PG has an implementation of TEI. I know you don't like it because you haven't figured out how to produce pretty title pages.
Note: by "pretty title pages" Marcello means a title page that looks like any title page in an actual book. Once again, I grabbed the nearest books; I have ten books, by ten different publishers, including two in Esperanto and one in a mixture of Esperanto and Chinese, and with the exception of one of the English books which right-justifies its title page, they all follow the basic format of centered pages, title (new line) author (bottom of page) publisher. None of them look a darn thing like the title pages PGTEI prints out.
and has a full suite of tools:
I see "To install the filter(s), start Open Office and and follow the Tools / XML Filter Settings menu. Choose Open Package and locate the .jar file(s)." Again, no difference at all from stuff that comes preinstalled.
3. Worthless to the end user ...
TEI is a master format. Its use is in producing formats suitable for end-user consumption.
Then prove it. If I saw a single document produced from PGTEI that was suitable for end-user consumption, I might support it. Look damnit, I was a fan of TEI until I realized that the people who were going to bring it to PG didn't give a damn about making the output something we wanted people to see.
Anf if we don't equate end user == reader but try: end user == librarian or end user == lunguistic researcher we find that TEI is many times as useful as HTML.
The librarian is never the end-user. The librarian is the person who makes it available to the end-user. Nobody around here cares about the linguistic researcher as the end user, and we will never produce files that are marked up with the type of information--like distinguishing sentence ending punctuation from the same punctuation used other ways--that they need. The end user we're targeting is the reader.
4. No decent output ...
`Decentness´ is a matter of debate.
Which is why you blow at selling this. Until you accept that PGTEI needs to produce output that meets the standards of the people you're trying to sell it to, nobody cares.
At DP some PPers think it is essential to use every CSS feature at least once in every text, having pictures float right and left and text flowing around them and having illuminated dropcaps and printers ornaments and page numbers all over the place. PGTEI cannot (yet) do that.
I very much prefer a simple layout, with only essential pictures smack in the middle of the text flow at the point they logically belong. A formatting that is easily ported to all existing devices.
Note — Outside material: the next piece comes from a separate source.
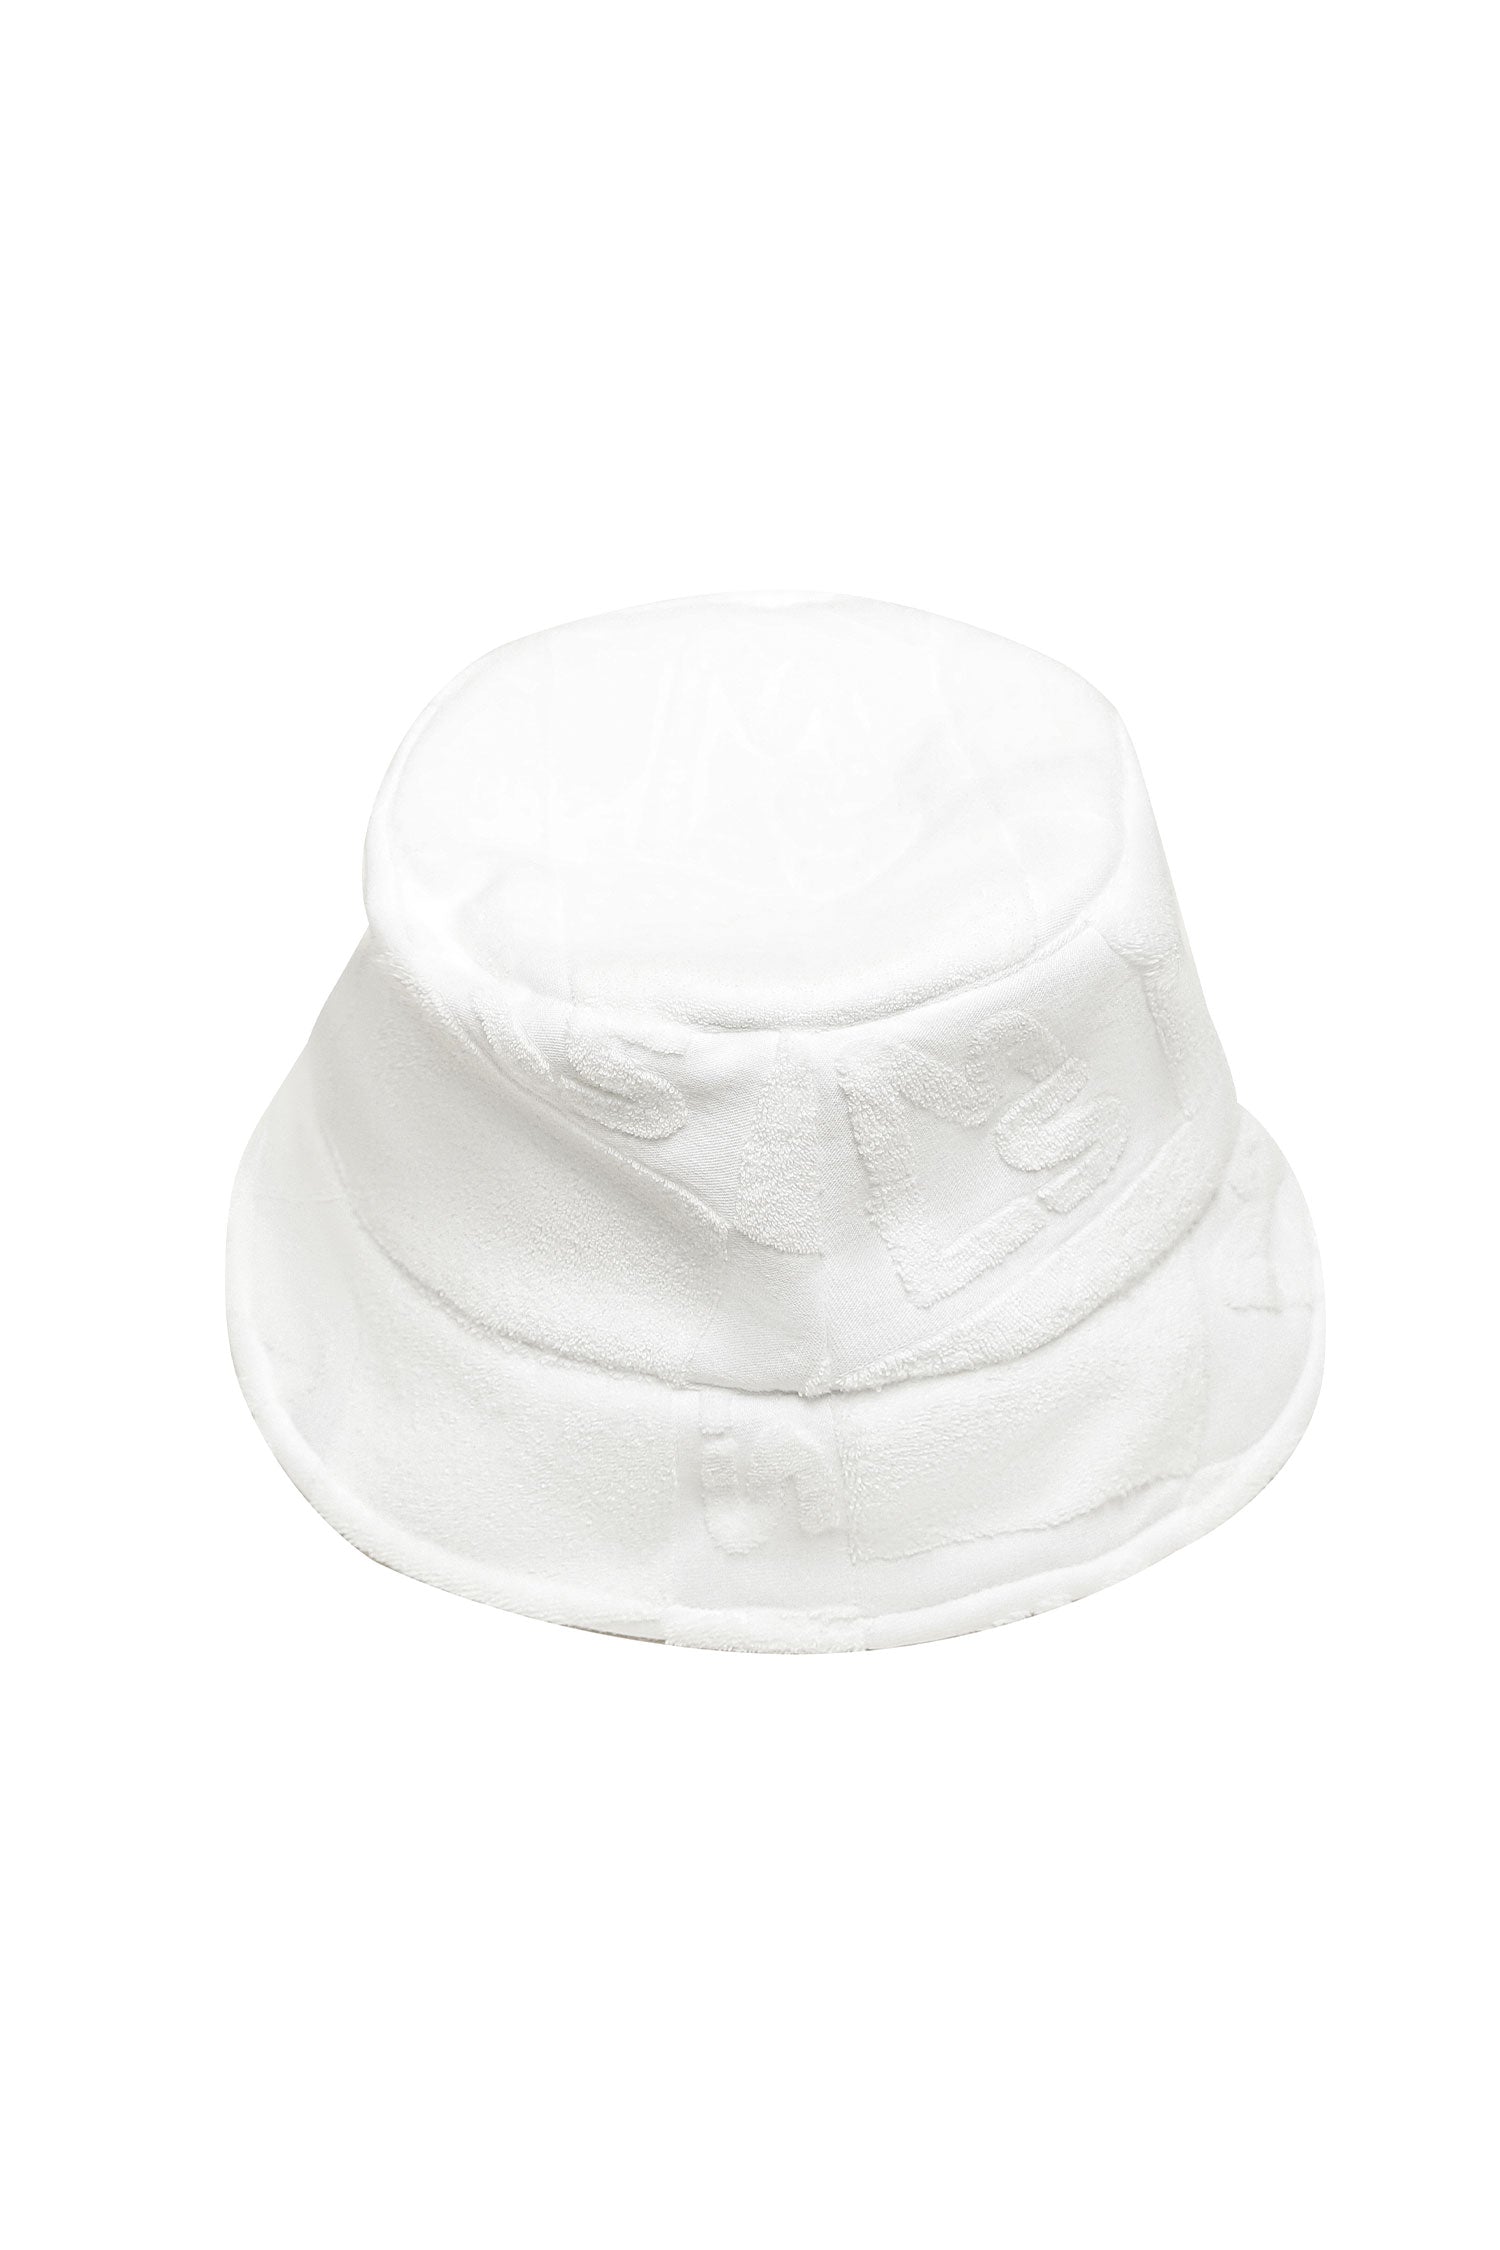 Oasis Toweling Bucket Hat

PGTEI excels at this.
Yes, in fact, some PPers do want to produce an etext that replicates the original, includes the important illustrated dropcaps (that are frequently as much a part of the illustration of the book as any other illustration) and page numbers (that are crucial for much of the non-fiction that we reproduce, especially if you want to follow the web of references from one PG era book to another.)
Ironically `decent´ DP output is already falling to pieces on ePub devices (not even to mention Mobipocket) because ePub does not support CSS position: absolute.
And if you had produced TEI output that could do what people wanted to do, it's possible that we would have better output on the ePub devices. Right now, I would be surprised to find that PGTEI can output at all to ePub, and I wouldn't be surprised if the people who produced the DP output were happier with the results of their HTML translated to ePub than your HTML translated to ePub. -- Kie ekzistas vivo, ekzistas espero.